Changing America: The county that gave Clinton only 5 voteshttp://www.msn.com/en-us/news/politics/changing-america-the-county-that-gave-clinton-only-5-votes/ar-BBEdTUU?li=BBmkt5R&ocid=spartandhp
Excerpt:  The widening divide has changed the way both Democrats and Republicans run their political campaigns. Presidential campaigns in recent years have become more negative, bent on either depressing a rival's vote or inspiring one's own base to show up.  Barack Obama's 2008 campaign team buried Republican nominee Sen. John McCain (Ariz.) under more negative advertisements than any previous campaign in history - until his 2012 campaign eclipsed them in the race to define Mitt Romney and until 2016, when Clinton's team ran an almost entirely negative campaign against Trump.  Said another way: Mobilizing voters has become more politically profitable than persuading those in the middle to join a side.

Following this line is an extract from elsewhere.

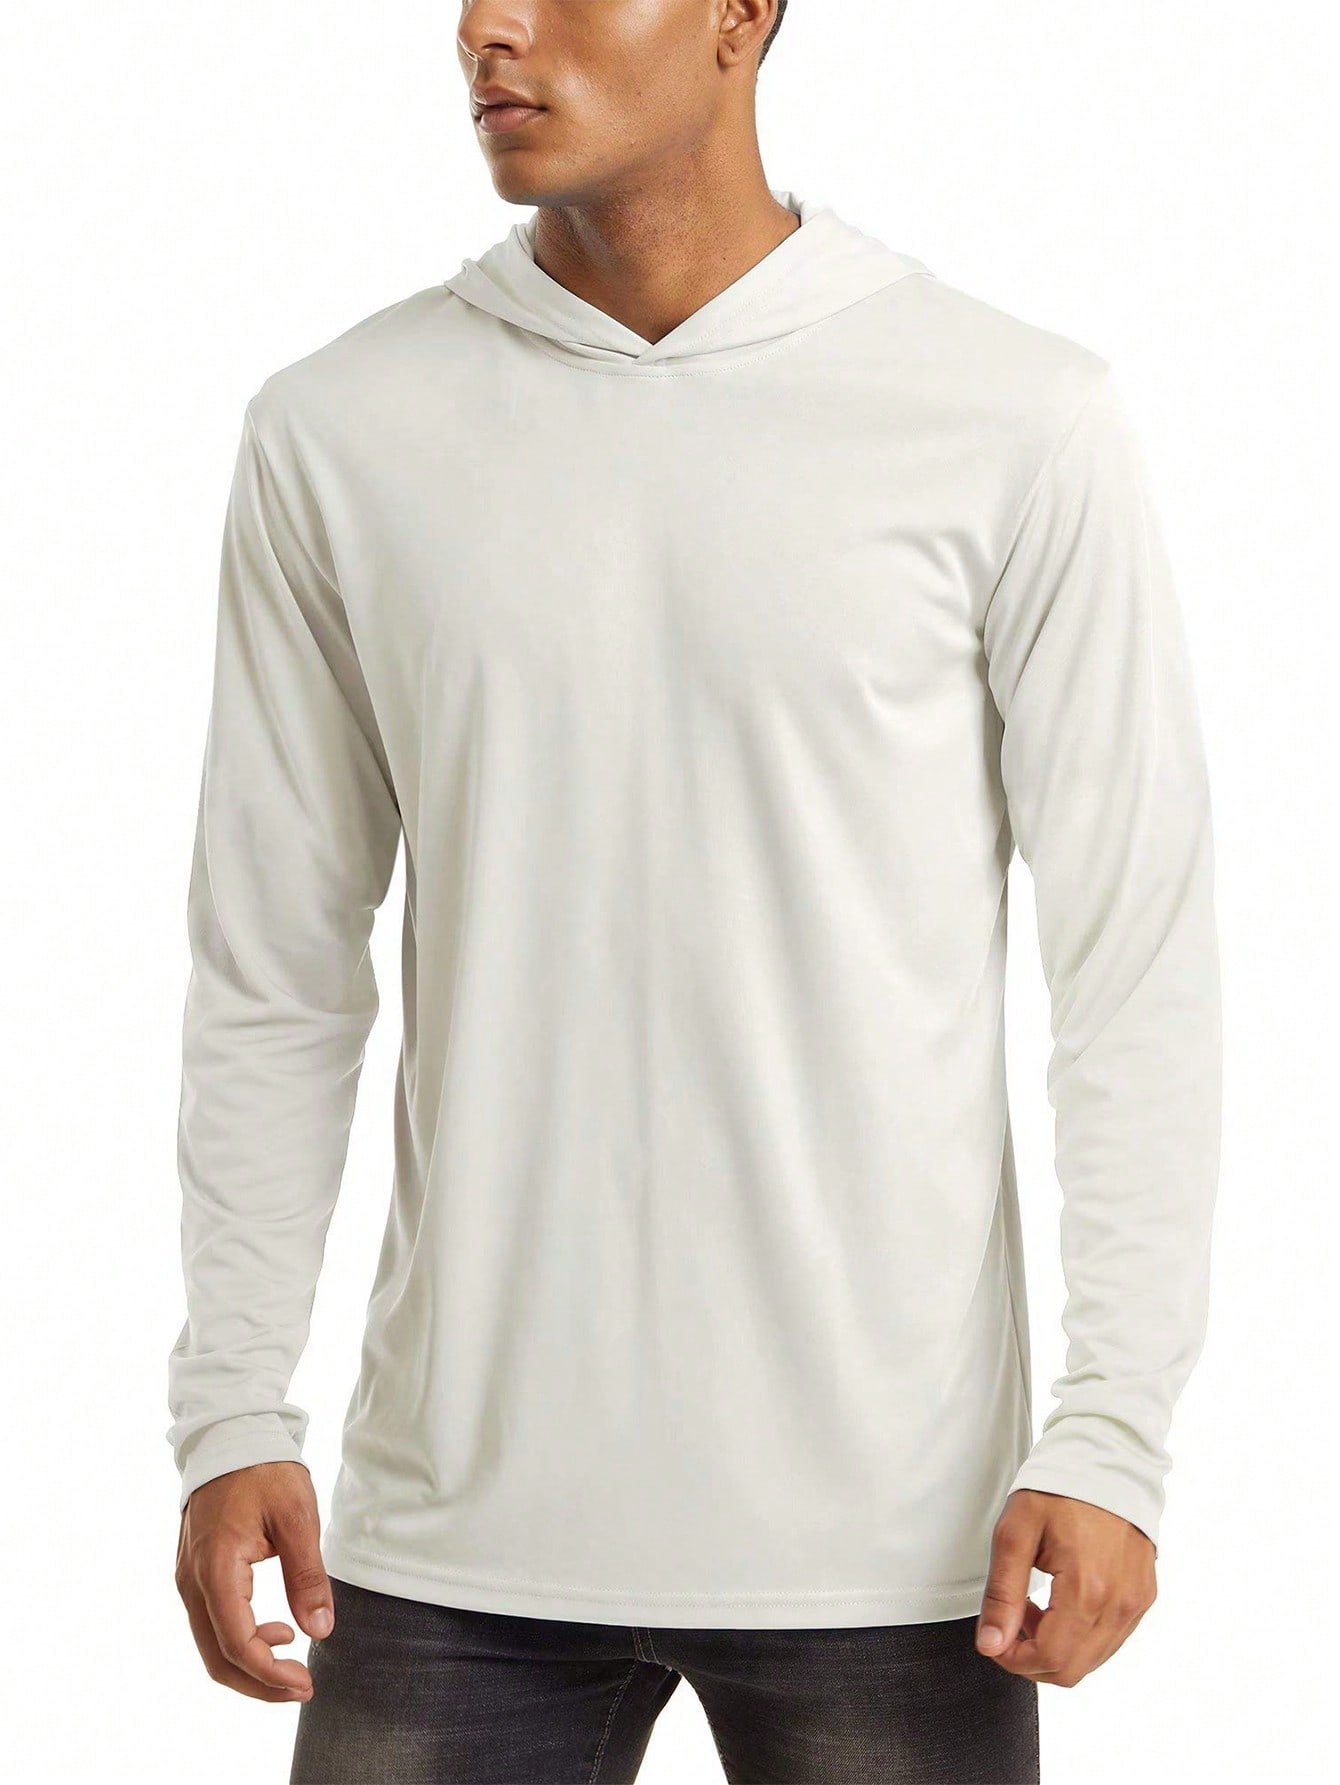 цена NASBING Мужская быстросохнущая спортивная футболка с капюшоном, белый

(NOTE THAT THIS IS PART OF A SERIES OF DEMOGRAPHICS ARTICLES FROM THE HILL, a relatively liberal source.  This urban-rural divide was clearly beginning even when I was a child in the late 50s and early 60s.  Perhaps the easiest issue to see it clearly in is attitudes toward firearms.  The large cities have taken a dim view of the right to bear arms for almost as long as there have been cities.  In the more rural areas, firearms were considered both normal and necessary to sustaining life.  No one in a city condemns fishing poles, but until the last few decades, firearms were as important a means of providing food as a fishing pole, IF you lived in rural America [I personally have–or at least, had–relatives and friends that provided most of their own meat by hunting].  That’s simply the most obvious issue, there are thousands of others.  The reality is that neither city-dwellers nor country cousins can survive  without the other.  Without “goods and services,” life is immeasurably poorer and shorter, without food, the cities–and the people in them–starve.  Neither is viable alone at our current comfort levels.  I see no “quick fix” for this difference in attitudes; there may not be one, perhaps not even a slow fix.  But, unless we all learn to live together somehow, we will surely fail both as a society and as a country.  Ron P.  PS  You may have to copy and paste the link into a browser as it doesn't appear to be live.)